A Yankee Doodle Day- Happy Birthday to me!
You may not be over the hill yet, but you have a great view!
When I was young , and unfortunately not so young that I can’t still remember, my parents secured a home-made poster board sign to my shirt and off we went to the annual Forth of July parade better known to most as the Barnum Festival Parade http://www.barnumfestival.com as we did every year. Now a sign on your neck when you are pre-teen is not cool, despite what my folks thought, announcing to the community that I was a “Yankee Doodle Dandy born on the Forth of July” with a hand drawn picture of an American flag – was traumatic, um not a positive experience. Yes, I have never considered myself to be either a doodle or a dandy, yes a Yankees fan for sure but my birthday happens to fall on July 4th. Kind of cool as its easy to remember , kind of not great as you never have an in school party or get to bring cup cakes and pass them out in school. It’s nice to have the day off as most places of work are “closed” on the fourth – in honor of me 🙂 ( as nurse I actually often liked to work the forth, time and a half-pay – and the anonymity of the day being my birthday was pretty awesome). Now, don’t get me wrong, I like birthdays, I just have never been a huge fan of my own. Falling on the fourth of July meant a picnic for many people coming to the house and the stress of shopping, cooking, cleaning and generally waiting on other people on your special day. So, my life lesson to myself ( will be a future post my obsession with “life lessons”) was/is to create as best I could in my power that the day would be about celebrating the birthday boy or girl and not about any other agenda. Hopefully, it was accomplished. Certainly was easier when they were young and lived at home but we have made good, hopefully – non traumatic memories around birthday celebrations, despite the fact that Becca and Skip almost “share” a birthday. We tried to make the day a celebration of you with limited or non-existent agenda … except for some times yeah, when Becca’s birthday fell on Easter, or Dan’s always close to Halloween and trick or treating, and Kristen’s on the day we decided to pack up our house and move before we renovated… Most of the time though it was filled with decorations ( the time I fell and broke my ribs while pregnant with Kristen so I could put up streamer’s for Becca’s third birthday), cake and lots of gifts and good memories…. I hope.

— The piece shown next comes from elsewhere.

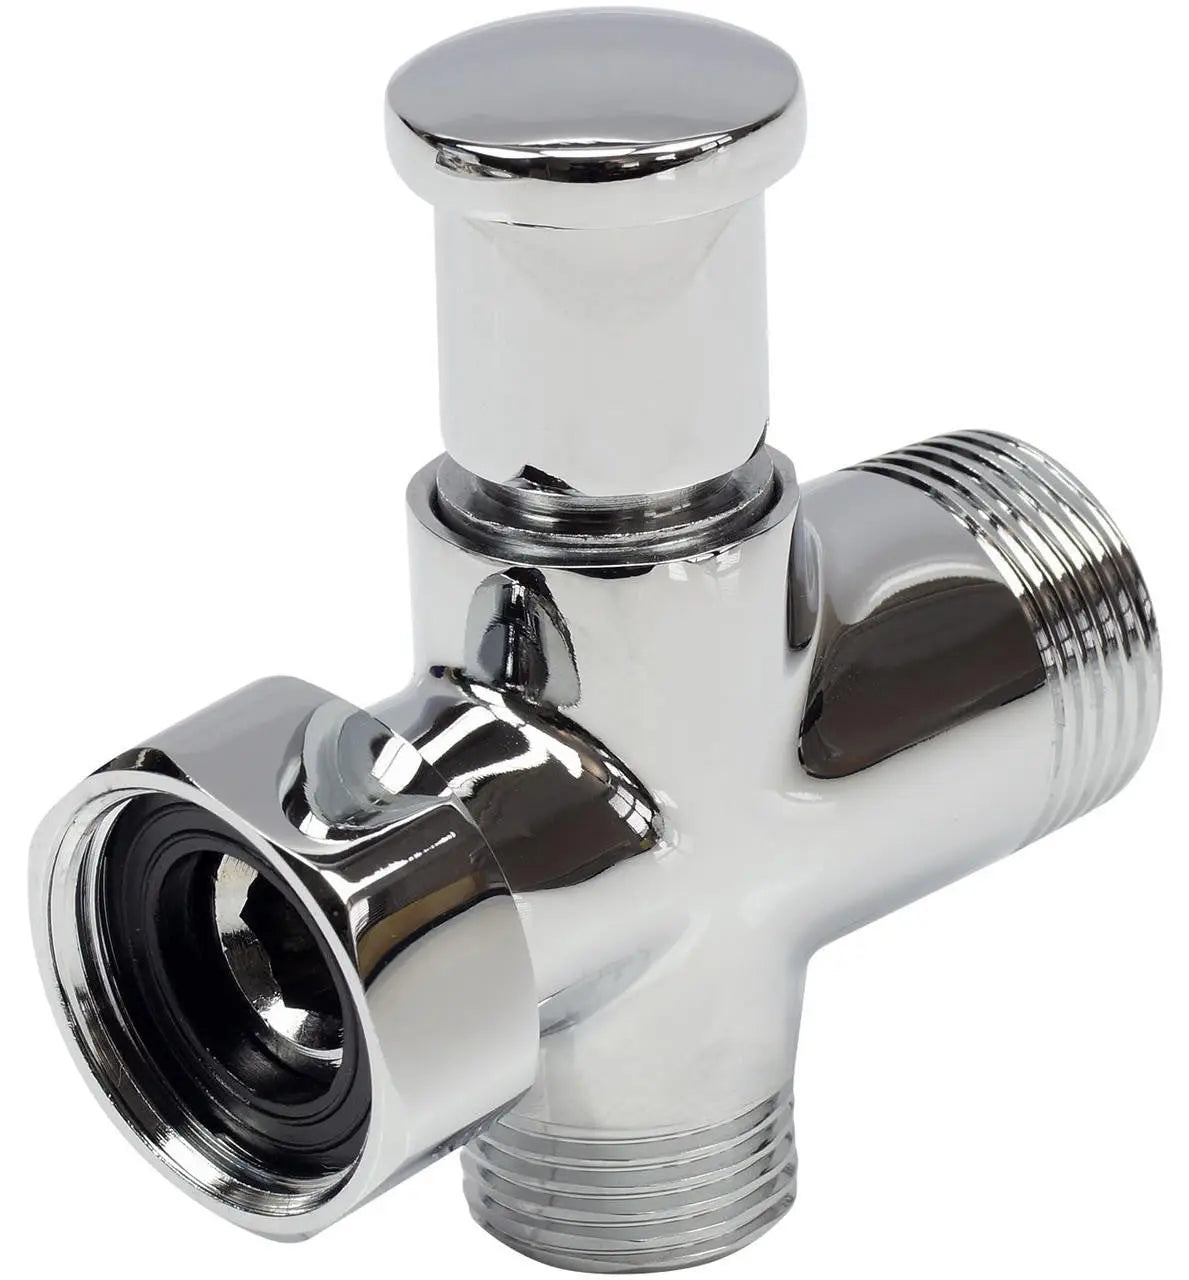 Shower Diverter Valve 2 Way Chrome Plated Replacement Shower Mixers
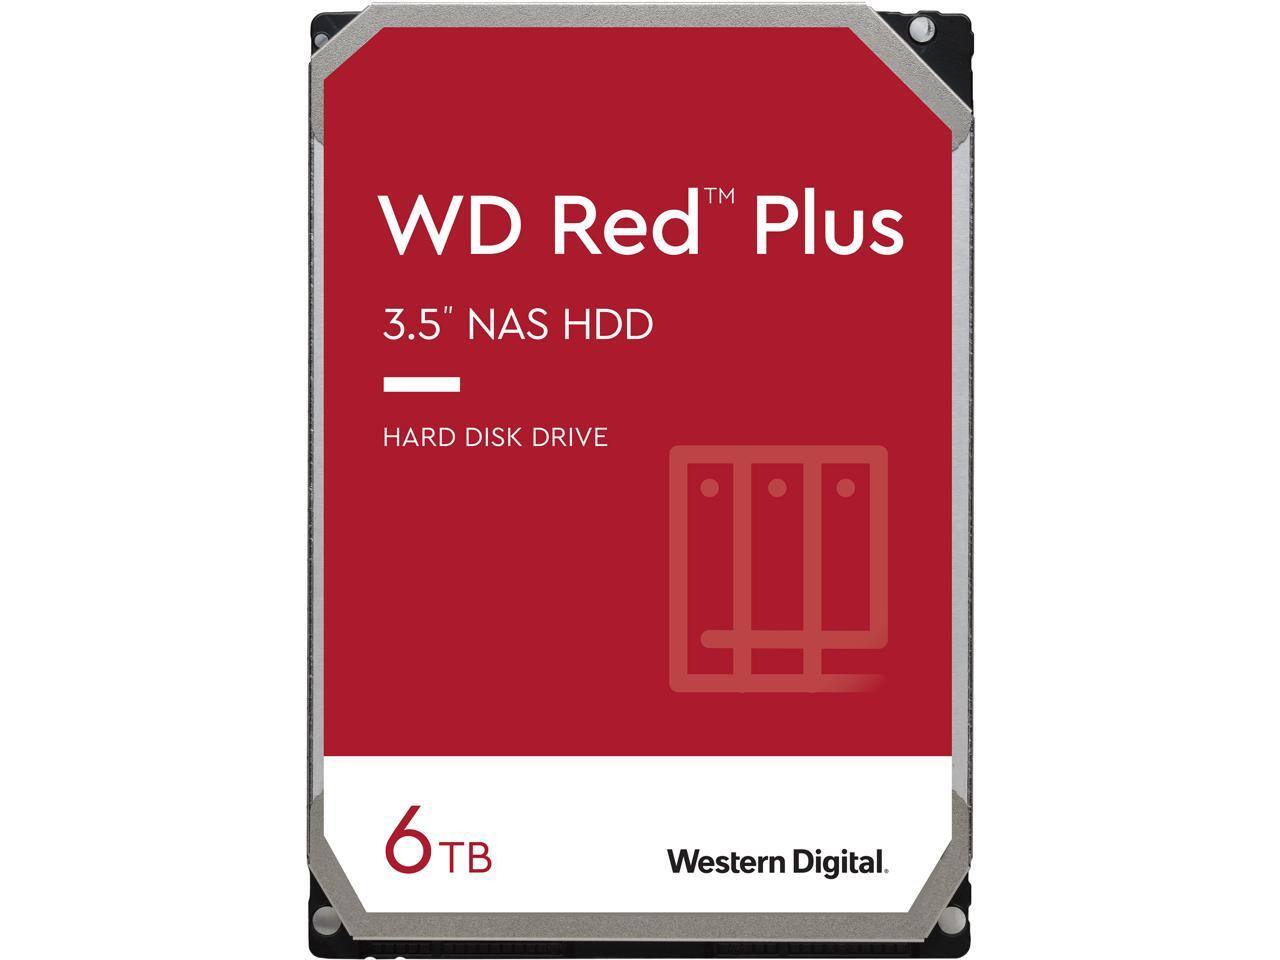 WD Red Plus 6TB NAS Hard Disk Drive [5640 RPM Class SATA 6Gb/s, CMR, 128MB Cache, 3.5"] for $134.99 w/ Free Shipping

But if I circle back to me and my birthday “agenda” memories for a few. My own was not all bad, trust me. Despite the trauma of wearing the sign at the parade ( oh yes the lieutenant governor of Connecticut stopped the parade to get out of his car to shake my hand and wish me a happy birthday resulting in permanent mortification for me. Birthday’s should be good memories and I have many. My mom and dad always bought me Italian Del Pretz cake with strawberry filling and whipped cream and chocolate sprinkles. (It was so delicious that my wedding cake was the same basic cake, minus the sprinkles ). There were always cards on my day which I love and still do today. Big shout out to Hallmark!! My parents always sang to me and always tried to be the first one to call and I miss my mom’s voice harmonizing with my dad though my dad still calls me and does a great job. I remember getting no longer in fashion go-go boots and a Nehru collar jacket ( also no longer in fashion) but wonderful none the less. I remember receiving hand-made cards and gifts and the wonderful overly generous gifts from my husband are wonderful happy memories. Of all the things I have received the times we can spend together making more memories is the best gift. On my birthday I will receive cards and calls and gifts, even at my age and be made to feel undeservedly special by so many people. Birthdays are a good thing. The alternative to not having them is pretty grim. When your birthday rolls around, I hope it is filled with the wonderful things that will make good memories. I thank you for all the birthday wishes. I appreciate them more than you know.